- Court: Federal Constitutional Court
- Citation: (22 October 1986) BVerfGE 73, 339, [1987] 3 CMLR 225

Keywords
- Direct effect

= Solange II =

1986 German constitutional and EU law case

Re Wünsche Handelsgesellschaft (22 October 1986) BVerfGE 73, 339, is a German constitutional law and EU law case, concerning the conflict of law between the German national legal system and European Union law. It is popularly known as Solange II because of a key phrase "so long as" in the judgment.

==Facts==
The appellant applied for an import license and was refused. The appellant challenged the import licensing regime (Regulation 2107/74) in the Frankfurt Administrative Court (Verwaltungsgericht), but the case was dismissed.
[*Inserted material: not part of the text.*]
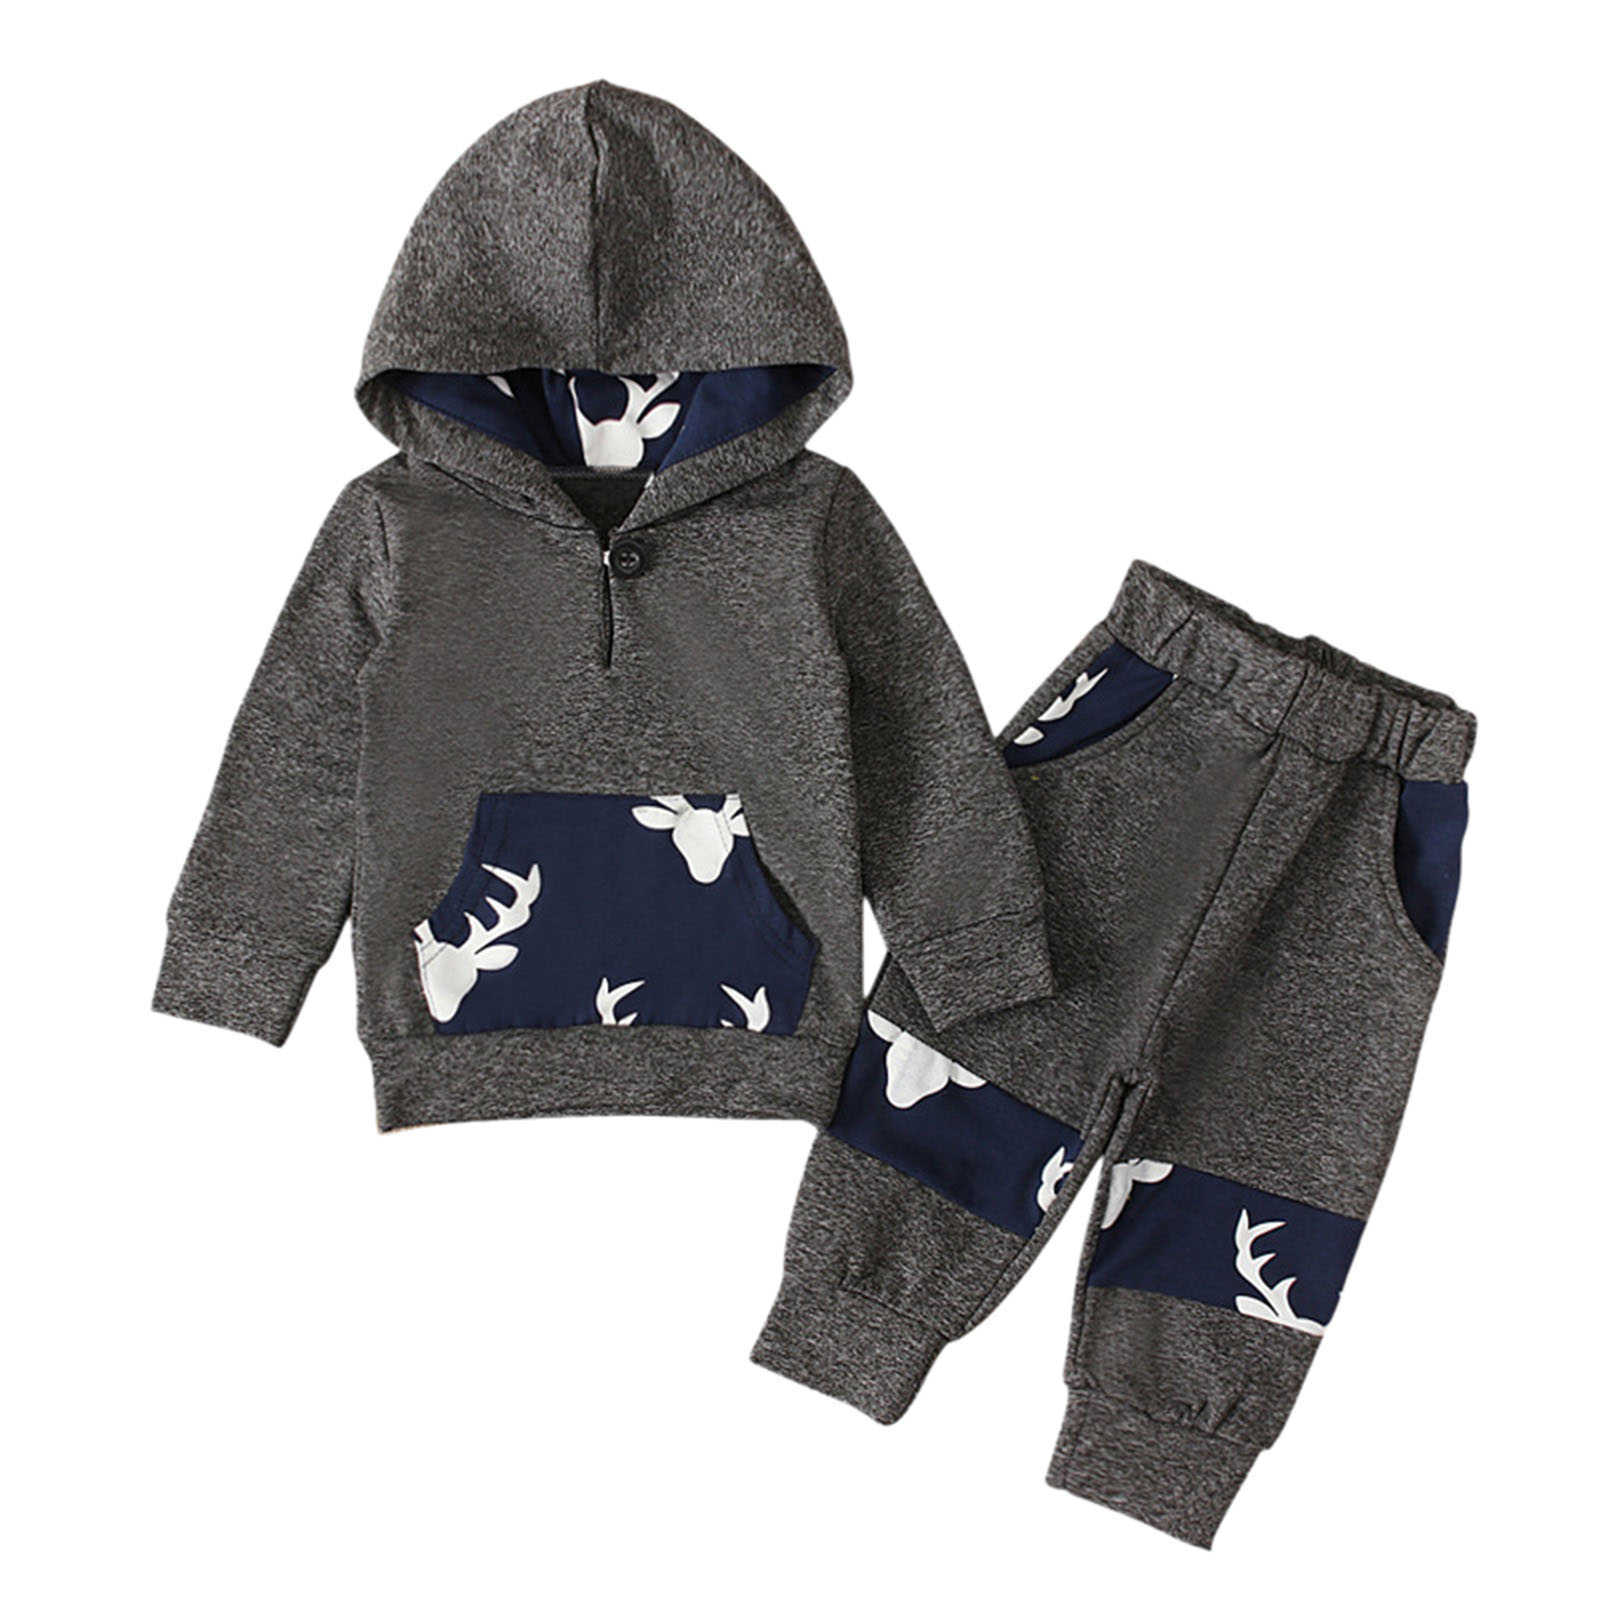 Kledingsets Toddler Boys Winter Lange Mouw Blue Deer Prints Tops broek 2 stks Outfits Infant Christmas Outfit Boy 6t Kerstmis outfit Boy W0222

The court held that the regulation was passed in accordance with the objectives of art. 39 EC (art. 45 TFEU).

The case was appealed to the Federal Supreme Administrative Court (Bundesverwaltungsgericht), which suspended the case and sent a preliminary reference to the European Court of Justice (ECJ). The ECJ responded that the regulation was valid. In response, the appellant appealed to the German Federal Constitutional Court (GFCC, BVerfG, Bundesverfassungsgericht), citing several breaches of German constitutional rights. The appellant claimed that, following with the judgment of Solange I, the GFCC should disapply EU law which conflicts with the fundamental rights protection afforded in the German Basic Law (Grundgesetz).

==Judgment==
===German Federal Constitutional Court===
The Federal Constitutional Court (Bundesverfassungsgericht) ultimately rejected the complaint. It considered, since the 1974 Solange I decision, the ECJ’s development of protection for fundamental rights, the adoption of declarations on rights and democracy by the Community institutions, and that all EC Member States had acceded to the European Convention on Human Rights.

In view of these developments, it must be held that, so long as the European Communities (Solange die Europäischen Gemeinschaften...) and in particular the case law of the European Court, generally ensure an effective protection of fundamental rights as against the sovereign powers of the Communities which is to be regarded as substantially similar to the protection of fundamental rights required unconditionally by the Constitution, and in so far as they generally safeguard the essential content of fundamental rights, the Federal Constitutional Court will no longer exercise its jurisdiction to decide on the applicability of secondary Community legislation cited as the legal basis for any acts of German civil courts or authorities within the sovereign jurisdiction of the Federal Republic of Germany, and it will no longer review such legislation by the standard of the fundamental rights contained in the Constitution.
This in effect meant that the authority of the ECJ in Germany was accepted by the Federal Court, so long as the ECJ rulings conformed to the principles of German national law.

==Significance==
In contrast to the earlier Solange I decision, the Federal Constitutional Court accepted the judgment of the ECJ as binding and final in Germany. It is notable that the GFCC did not give up its competence to scrutinize EU law in light of the German Basic Law's fundamental rights. Rather they suspended this scrutiny, to be renewed if a case could demonstrate a decline of fundamental rights standards in the EU below those guaranteed by the Basic Law.

Additionally, both Solange I and Solange II demonstrate an atmosphere of constructive argument within the European courts. The Solange Doctrine of the GFCC spurred the ECJ and EU institutions to eventually develop their own systems of fundamental rights protection, offering an equal or higher level of protection than the German Basic Law.